1999’da Adapazarı’ndaki depremi hepimiz hatırlıyoruz. Çocuklarını kaybeden ailelere doktorlar “hemen çocuklarının olmasını” tavsiye ettiler. Çünkü çocuklarını kaybeden, bu nedenle travma yaşayan anne-babaların YAŞAMA TUTUNMALARI GEREKİYORDU. Burada  “doğacak çocuk” UMUT demekti.  Umutsa, hayata yeniden asılmaktı. Yoksa haklı olarak yaşama küseceklerdi. İşte beyin, bu psikolojinin etkisi ile bedenlere olumsuz sinyaller verecek, vücut aldığı komutların etkisi ile önce hastalanacak (fiziksel ancak daha çok psikolojik) sonra “istenmeyen son” a gidilecekti.

Dini inanışlarda ümitlenmekte çok etkilidir. Hiçbir din şunu demez; “Sen bittin, Sen Cehenneme gideceksin, Seni kimse kurtaramaz”. Sürekli insana umut verir. En bunalımlı anlarında destek olur, TELKİNLERDE bulunur.

Zor durumdaki İNANANA “Güvenmek için Allah yeter” veya “Ben; Size, şah damarınızdan daha yakınım” ayetlerini okuduğunuzda, doğru ve güzel açıkladığınızda – zaten duygusal açıdan hazır olan- dindarda tahmin bile edemeyeceğiniz değişiklikler görürsünüz psikolojik açıdan.

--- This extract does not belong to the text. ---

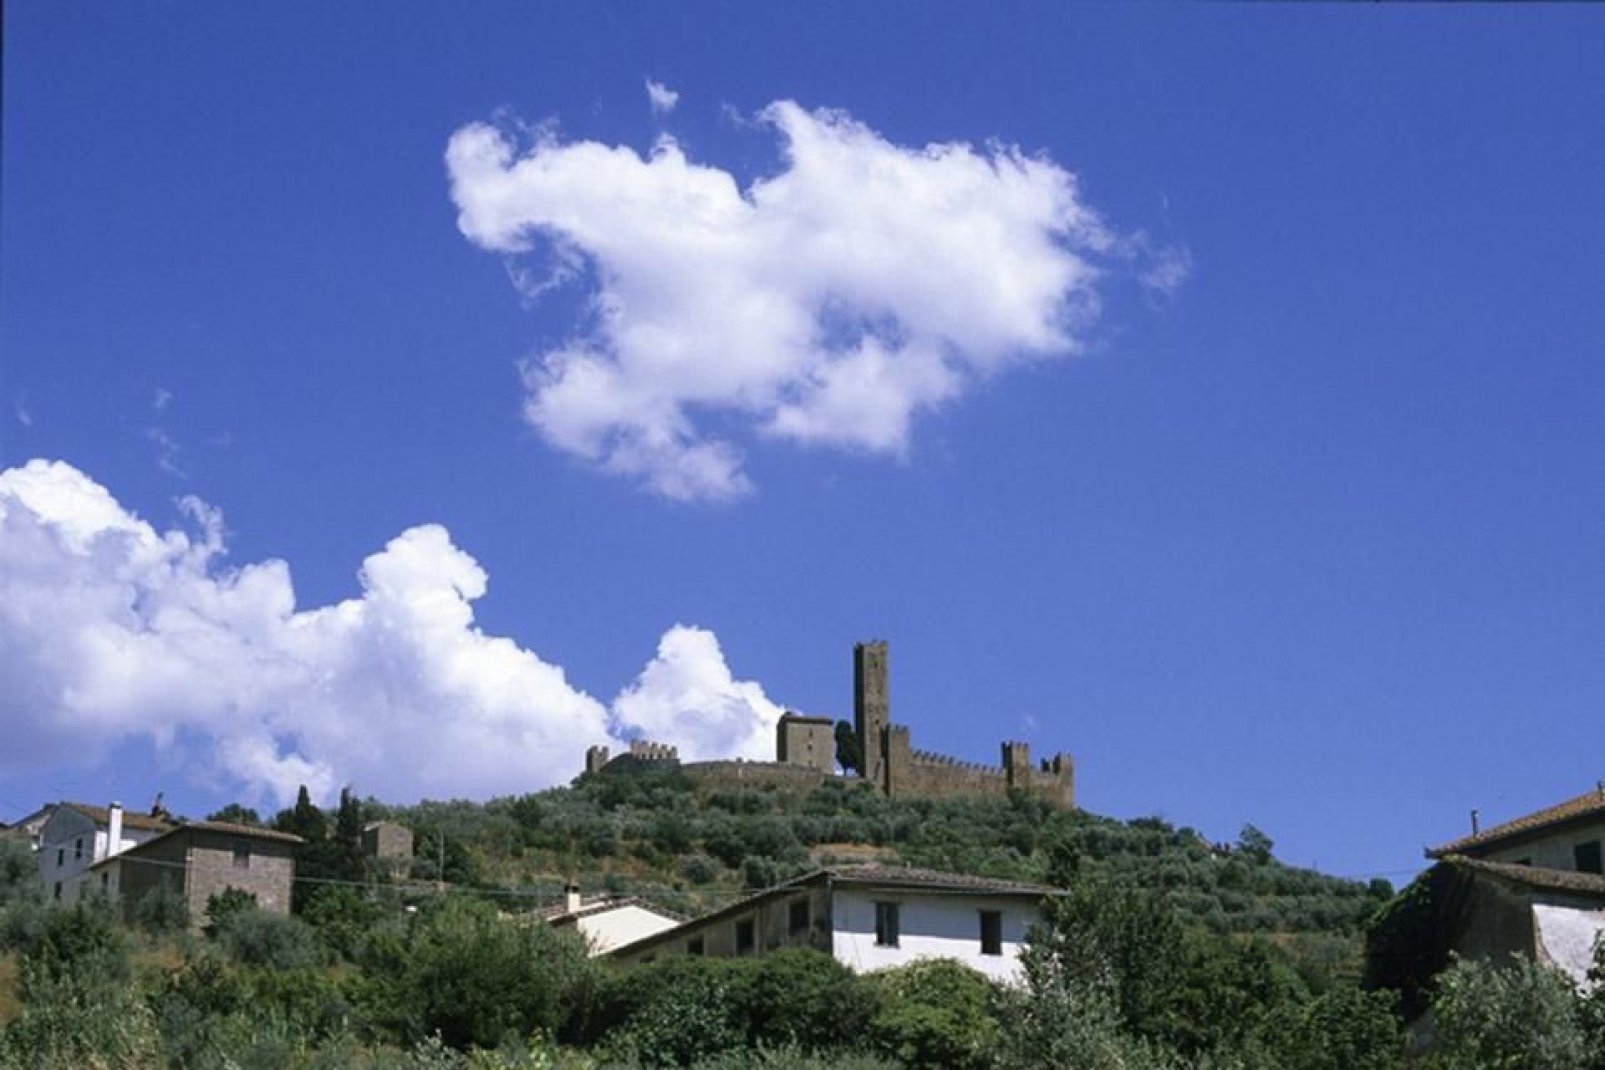 El paisaje de la región de Arezzo está sembrado de numerosas iglesias parroquiales, castillos y burgos medievales. Entre ellos, destaca por su belleza Poppi, uno de los burgos más hermosos de Italia.

Allah’a sığınan ve Ondan isteyen, yaşama sarılmıştır artık. Melankoli halleri yoktur. İnatla mücadele eder sorunları ile. Artık sıkıştığında Yardımını isteyebileceği bir YER vardır.

Güzel ahlak bütün dinlerin temel hedefidir. Ahlaki seviyenin yukarılarda olduğu toplumlarda dinde devreye girince İNTİHARLARIN çok az olacağı açıktır. Çünkü insan umutludur.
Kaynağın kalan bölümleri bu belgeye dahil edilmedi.